I have a theory. No, it's not the one where I offered that everyone, at one point or another, has dined on a loogie at a restaurant. This new theory is totally different and much less solid than my other theory.
This one has to do with Brett Favre and ESPN, which based on the recent wall-to-wall coverage of all things Favre and the Packers, is almost like eating a loogie in a TV viewing sense.
Anyway, my theory is since the Olympics are set to begin and NBC has decided to devote 23 ½ hours of its programming per day to Olympics coverage, the so-called World Wide Leader is going to the dance without a date... so to speak. ESPN/ABC cannot show the Olympics - they can only attend and cover it like everyone else. So to turn away heads from the biggest sporting event in the world this year, ESPN has barraged the sports-viewing public with "All Brett, All the Time."
No, I don't think it's anything as sinister as choosing to report a less important story. After all, the Olympics haven't even started yet. However, a lot of newspapers have sent teams of writers to China to cover one of the more mystifying and intriguing set of Games in a long time. From what I recall, there was no such intrigue regarding the Olympics in Seoul, Barcelona, Atlanta, Sydney or Athens.
China, to those of us in the West, is still mysterious. That's especially the case when one takes in account the political, social, environmental and human rights concerns. For Americans it's kind of odd that we actually have someone to look down upon in those regards, but there China is, anchoring an entire continent with its sprawling landscape that is becoming more and more developed by the day.
Think oil prices are high now? Wait until the Chinese citizens in the outer provinces put down the bikes and get cars.
So with the writers heading for the Far East, the MLB season entering the so-called dog days and the football season still a month away, why wouldn't ESPN try a little misdirection? It's as if they are screaming, "Hey, don't look at the biggest sporting event in the world - you know, the one where we are not the rights' holders. Look over here - to Wisconsin, U.S.A. That's where the real story is. Come watch."
And like the Chinese government, ESPN adds, "If you choose not to, we will make you."
OK, it's just a theory. There are more holes in this argument than Swiss cheese, but it's out there nonetheless.
Speaking of out there, my friend and all-around swell guy (and ex-Phillies writer), Marcus Hayes, is in China for the Olympics. He arrived Tuesday at 2 p.m., which was 2 a.m. Tuesday morning here on the East Coast... or 2 a.m. tomorrow -- time zones always mess me up. Chances are he's pretty jet lagged.
Nevertheless, Marcus will be updating a blog (do people even use that word anymore... seems outdated to me) for the Daily News and I suggest everyone read it.

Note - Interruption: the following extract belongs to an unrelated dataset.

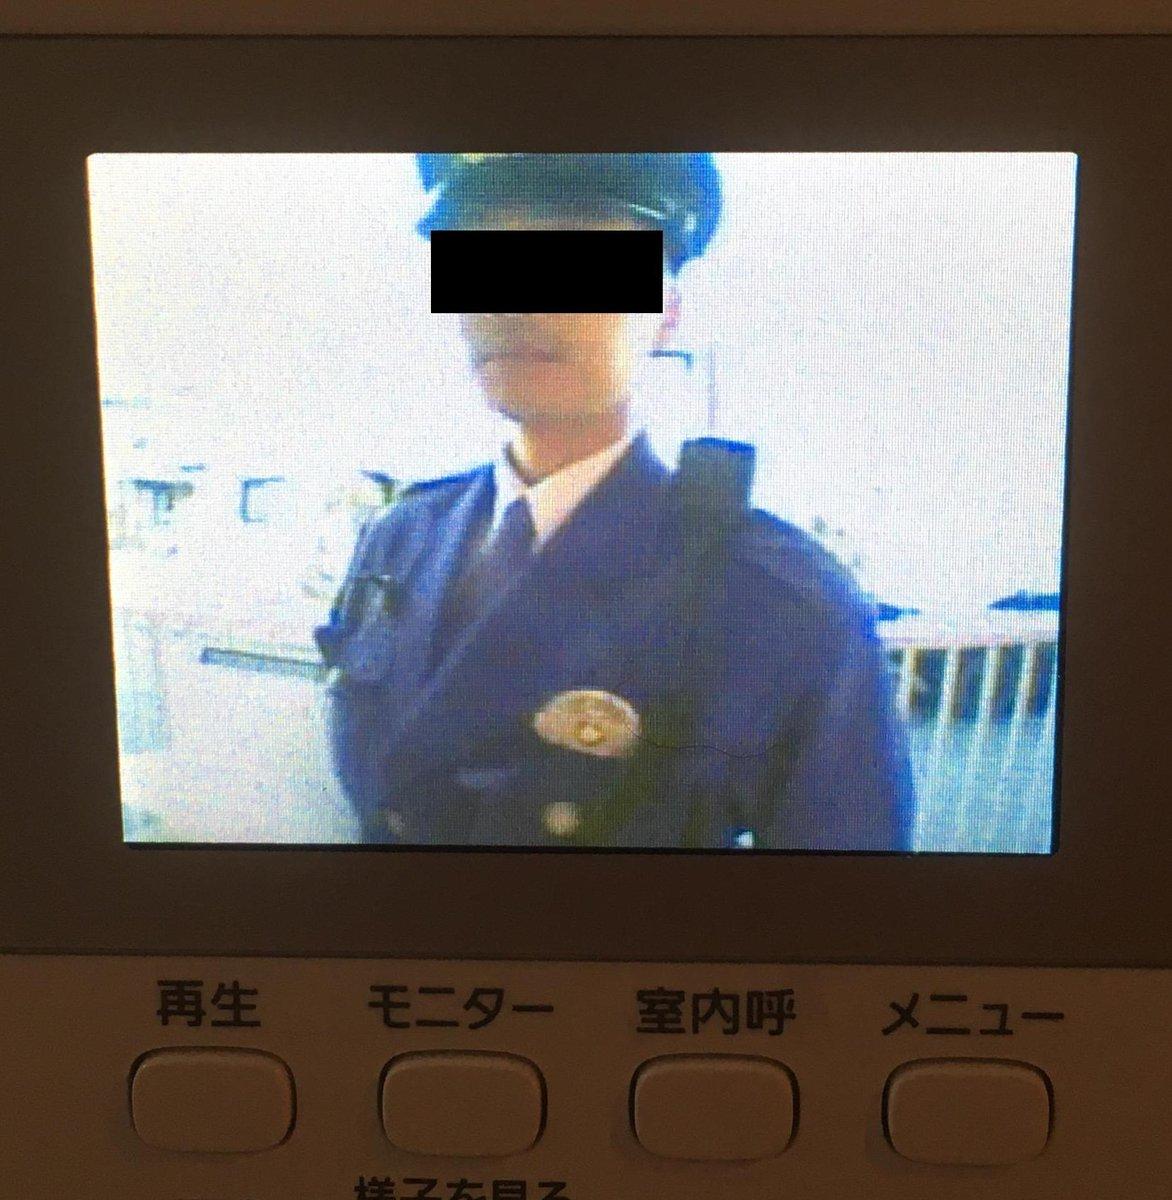 東京の新居は「4万円台で風呂トイレ別、かつウォシュレット付きで築10年以内」という厳しい条件で探した…
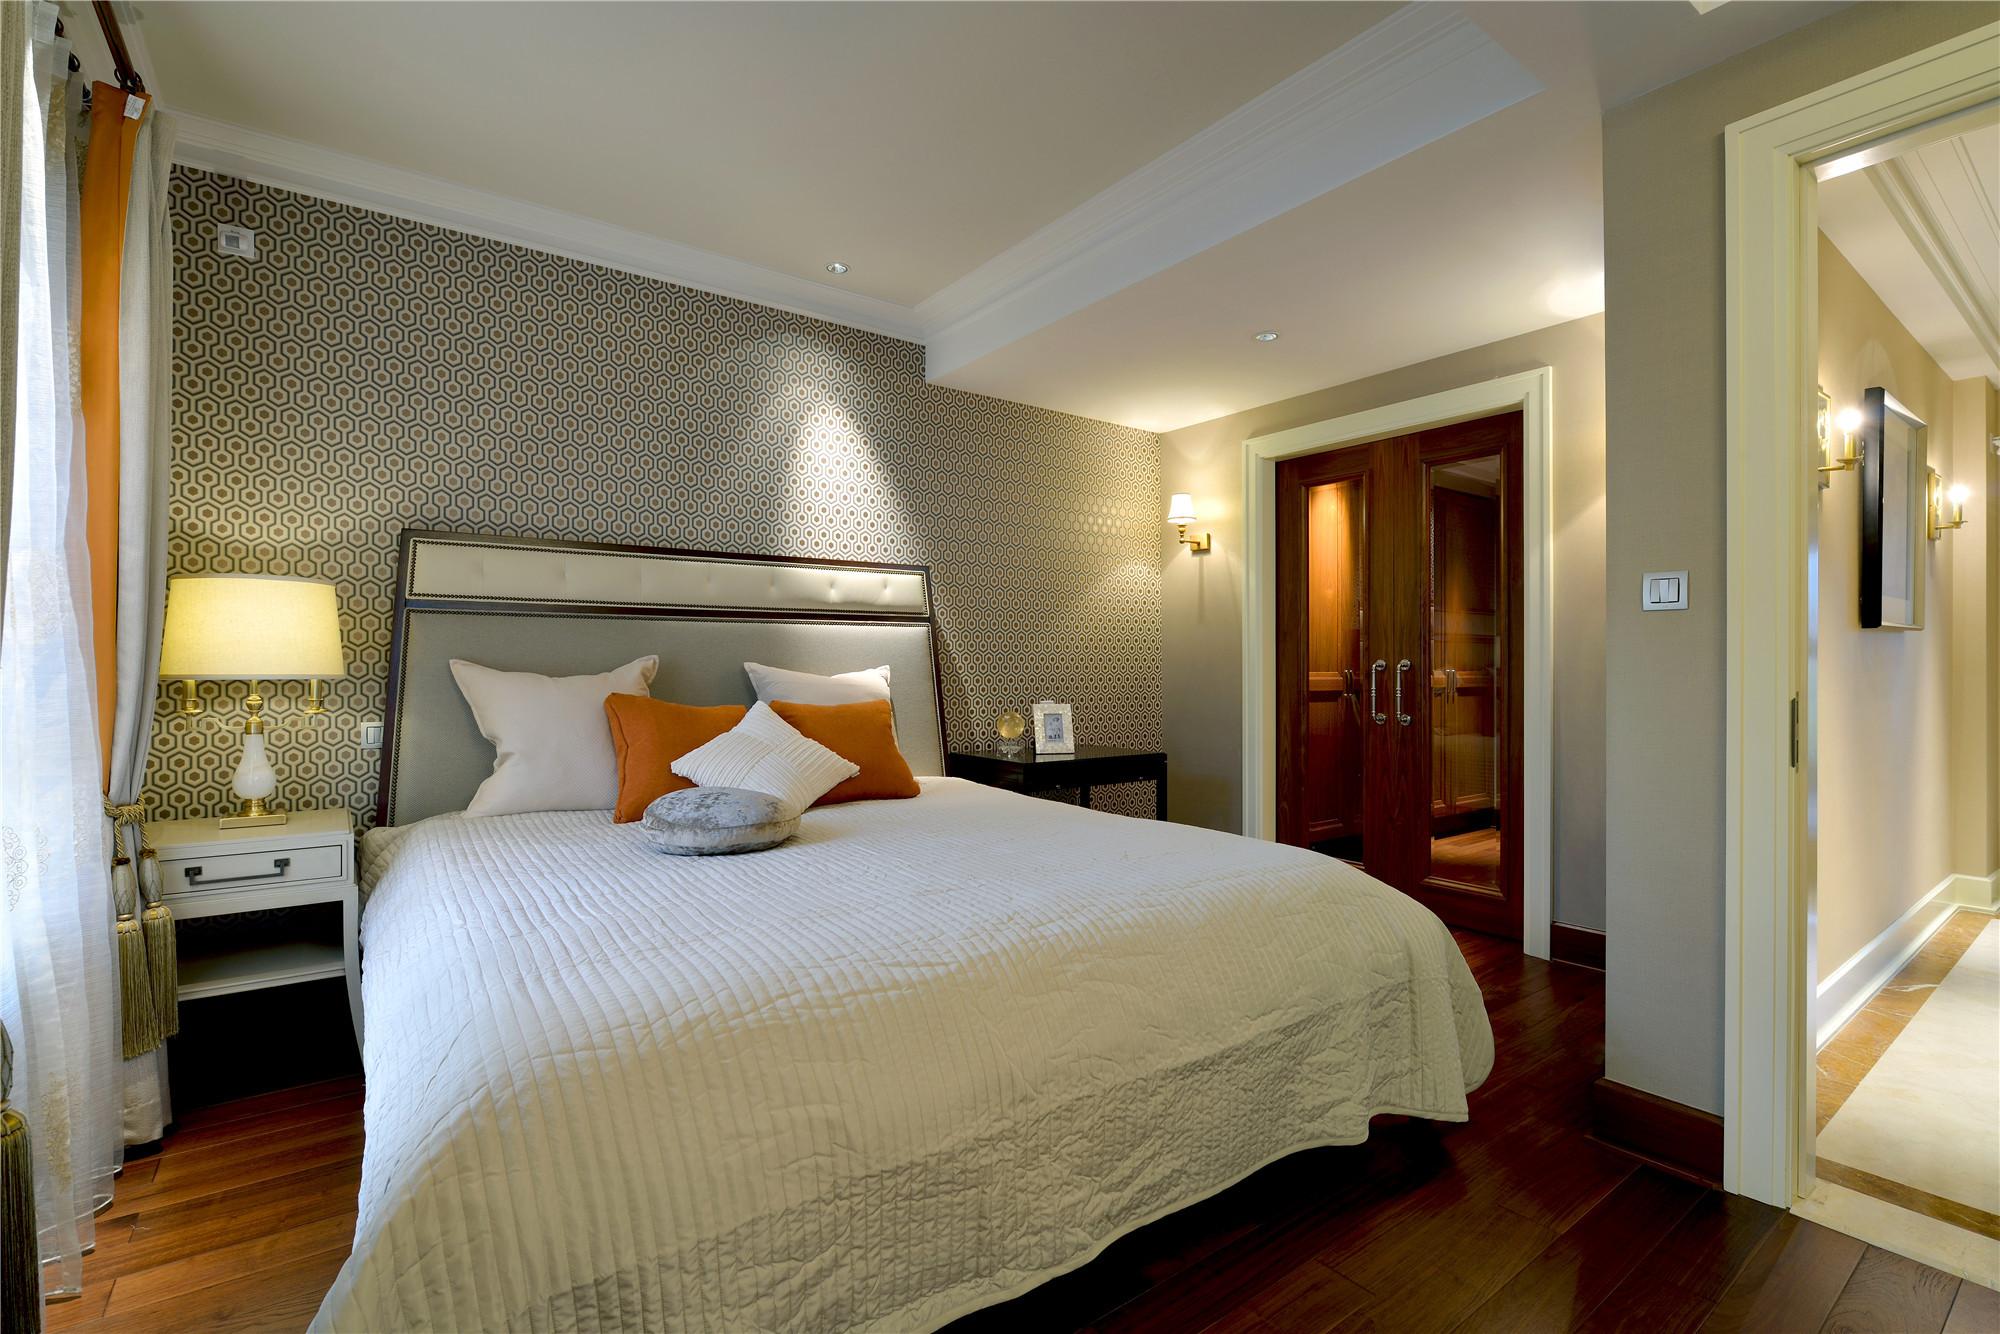 现代风格别墅装修卧室效果图

Seriously, it might be the second or third place I go when I make my rounds through the Internets every morning. Meanwhile, I had hoped to do one of those Slate.com-esque e-mail exchange columns with Marcus and the Inquirer's Phil Sheridan, but it seems as if they are going to be too busy.
Instead I'll just tune in to the 23 ½ hours of daily coverage and write about it here.
In the meantime, Marcus reported that he made it to Beijing after a 14-hour flight. In response to an e-mail where I told him I was envious that he got to go to the Olympics and I get to go to Citizens Bank Park, our hero wrote, "You wouldn't be so envious if you just spent 4 hours sitting across from a smelly Latvian with 4 spiked hairs."
See, Beijing isn't all that different than Philadelphia.
He also reported that he cannot read his own site because it has been blocked by the Chinese government.
Anyway, I told Marcus that it would not surprise me if he went to China and an international incident occurred. Marcus Hayes in China just screams "international incident."
Better yet, remember Christopher Walken's character in The Deer Hunter? You know, he went to Vietnam and never made it back because he went AWOL from a hospital in Saigon in order to play Russian roulette for money... for some reason I foresee a similar fate for Marcus.
OK, back to the Brett Barrage, which is kind of like Russian Roulette but only brain cells are in danger.